Given data:
◆ ◆ ◆ ◆ ◆
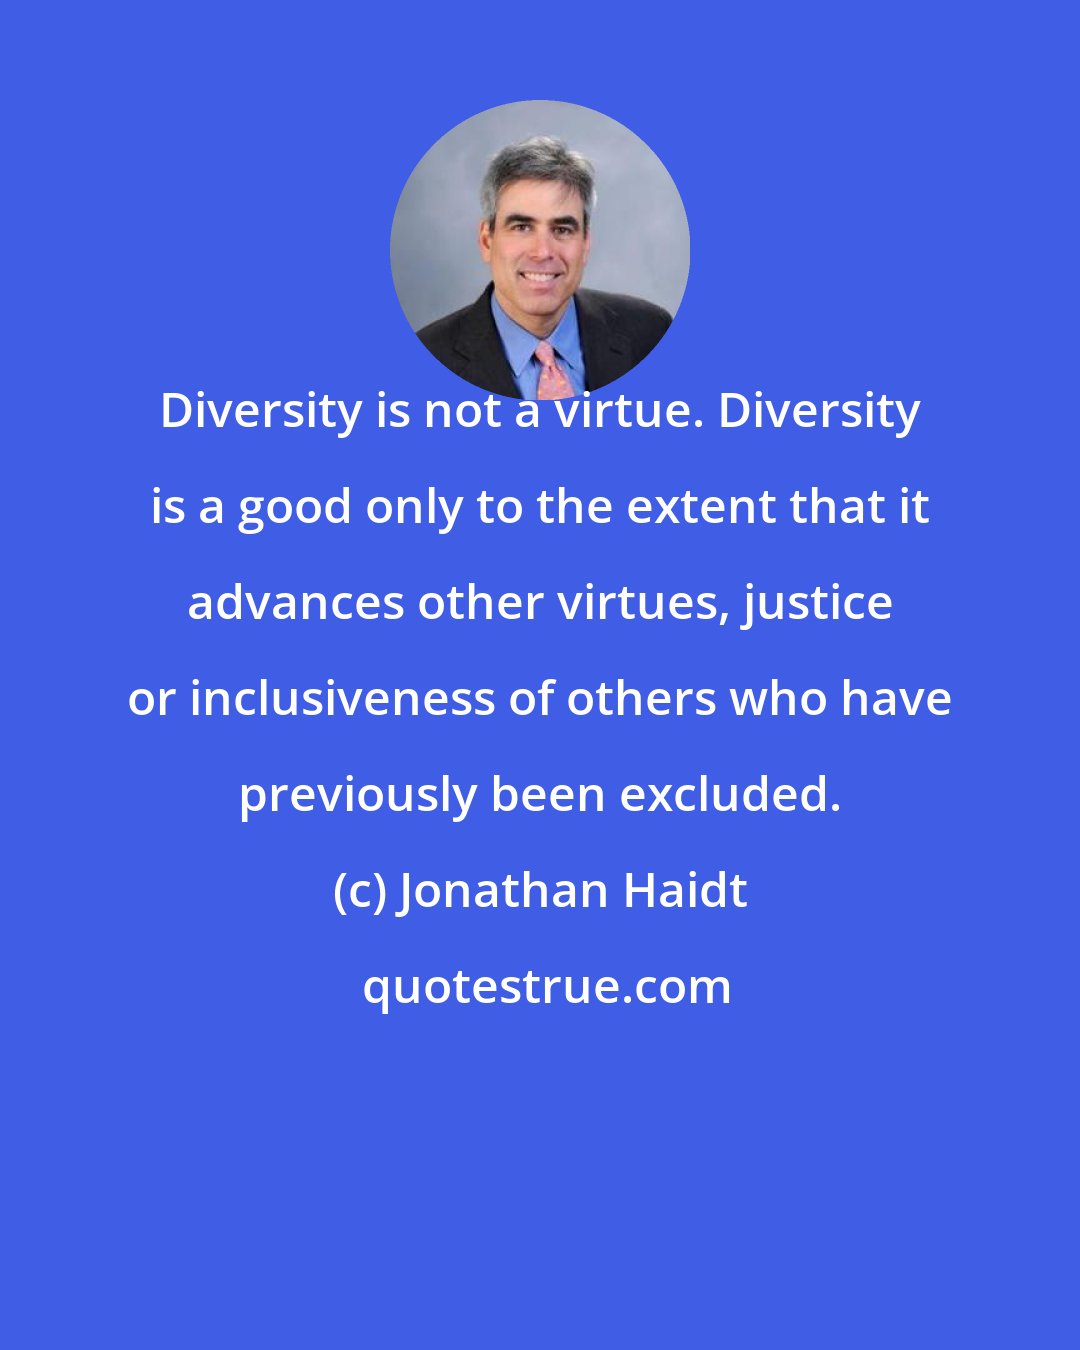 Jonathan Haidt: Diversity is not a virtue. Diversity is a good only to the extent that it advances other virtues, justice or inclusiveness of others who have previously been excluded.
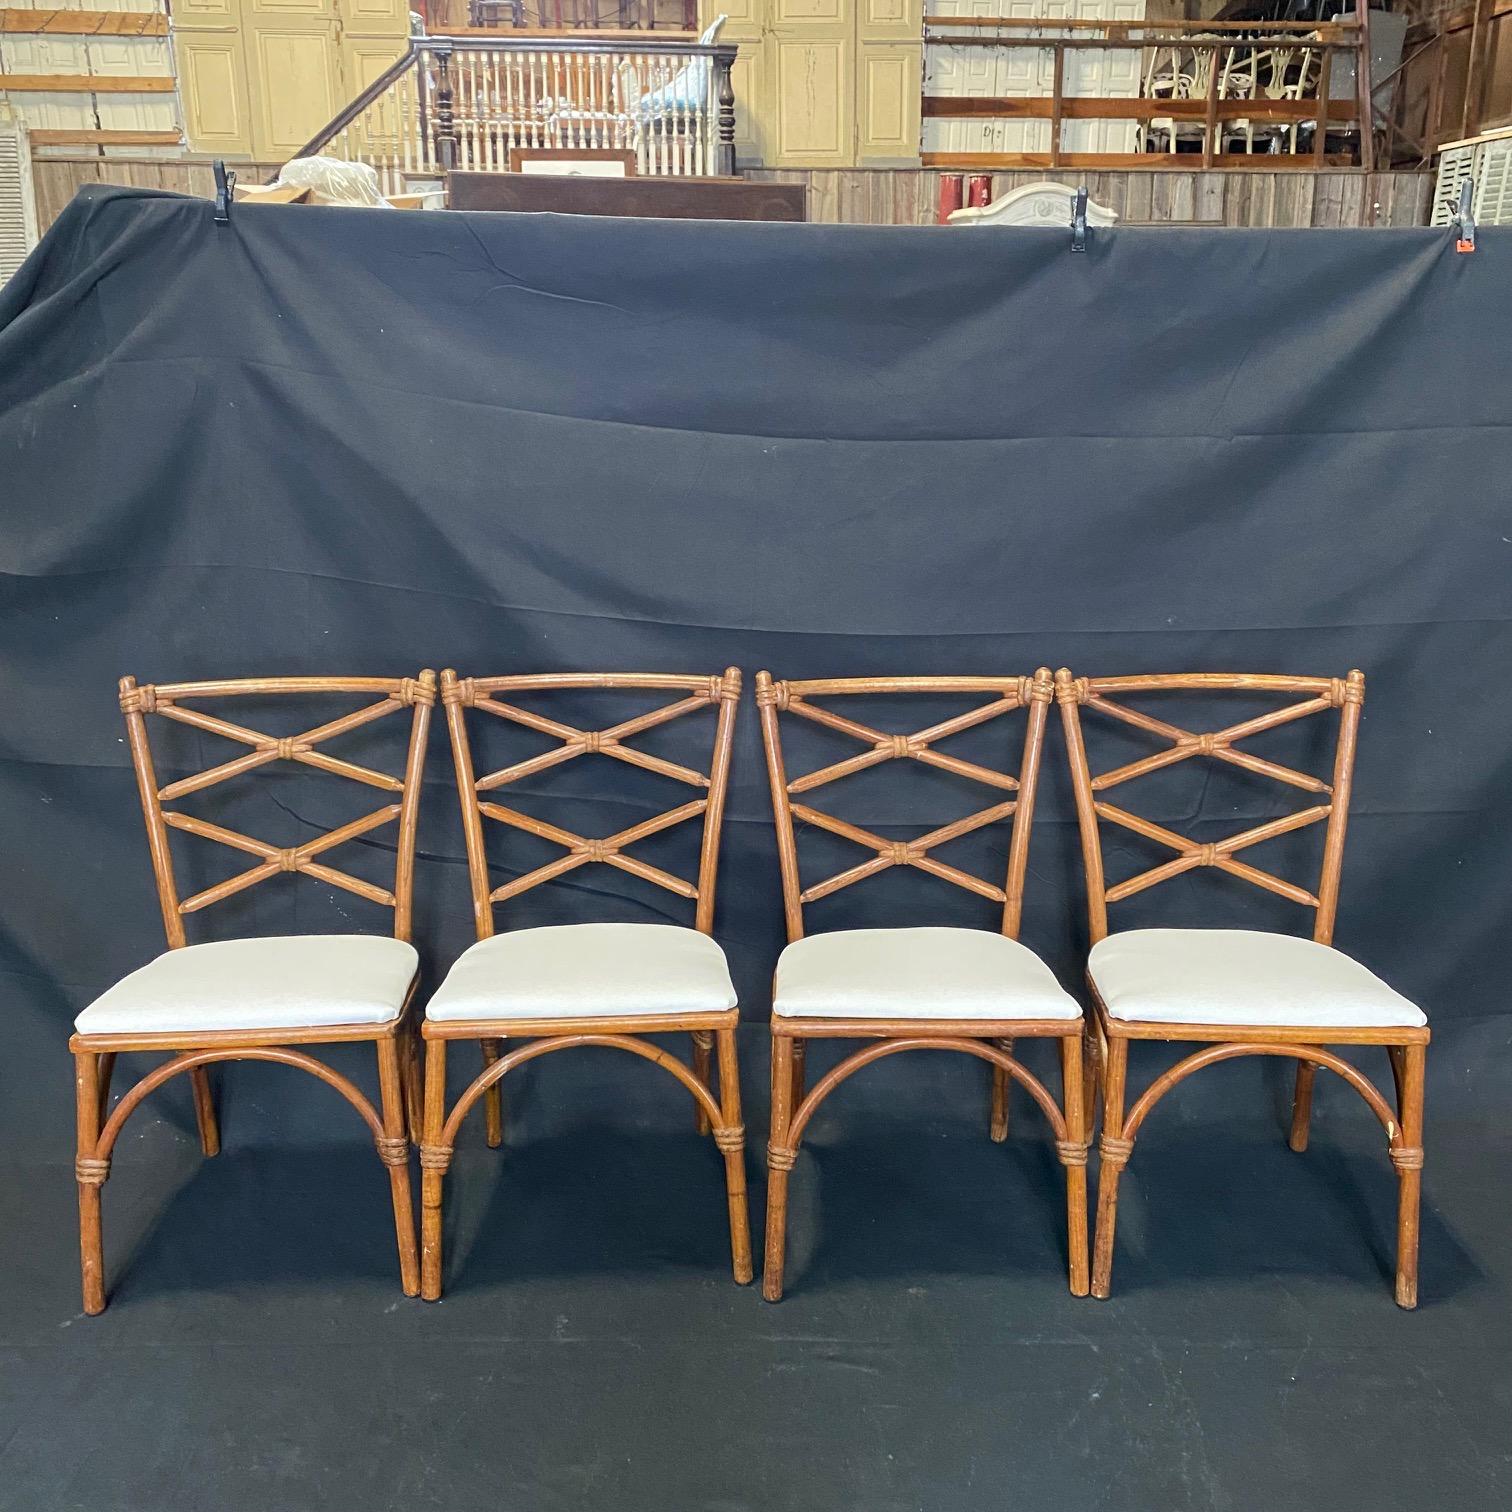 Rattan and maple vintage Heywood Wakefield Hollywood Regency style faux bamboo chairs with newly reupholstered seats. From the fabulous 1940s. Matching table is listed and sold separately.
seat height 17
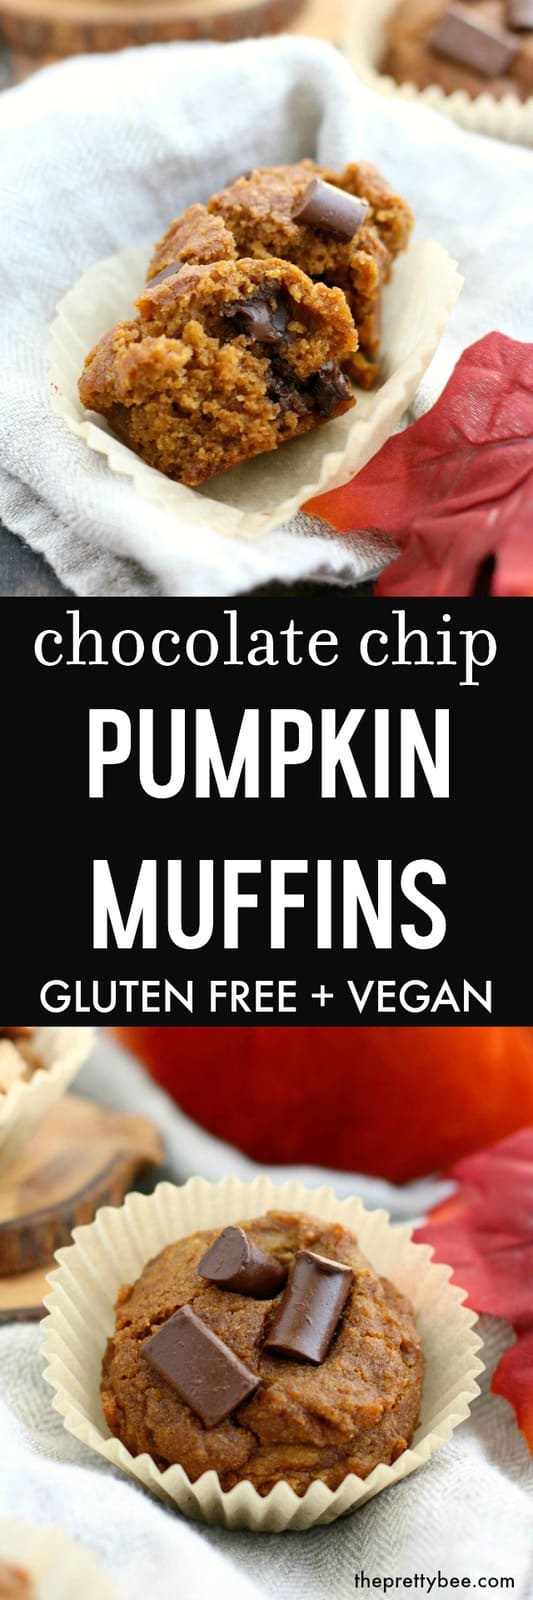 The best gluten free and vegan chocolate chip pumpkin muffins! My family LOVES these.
◆ ◆ ◆ ◆ ◆
What the exercise asks:
Leave every picture out and write out exactly the lines from the line with "seat height 17" through the last line of the material.

Task answer:
seat height 17
 The best gluten free and vegan chocolate chip pumpkin muffins! My family LOVES these.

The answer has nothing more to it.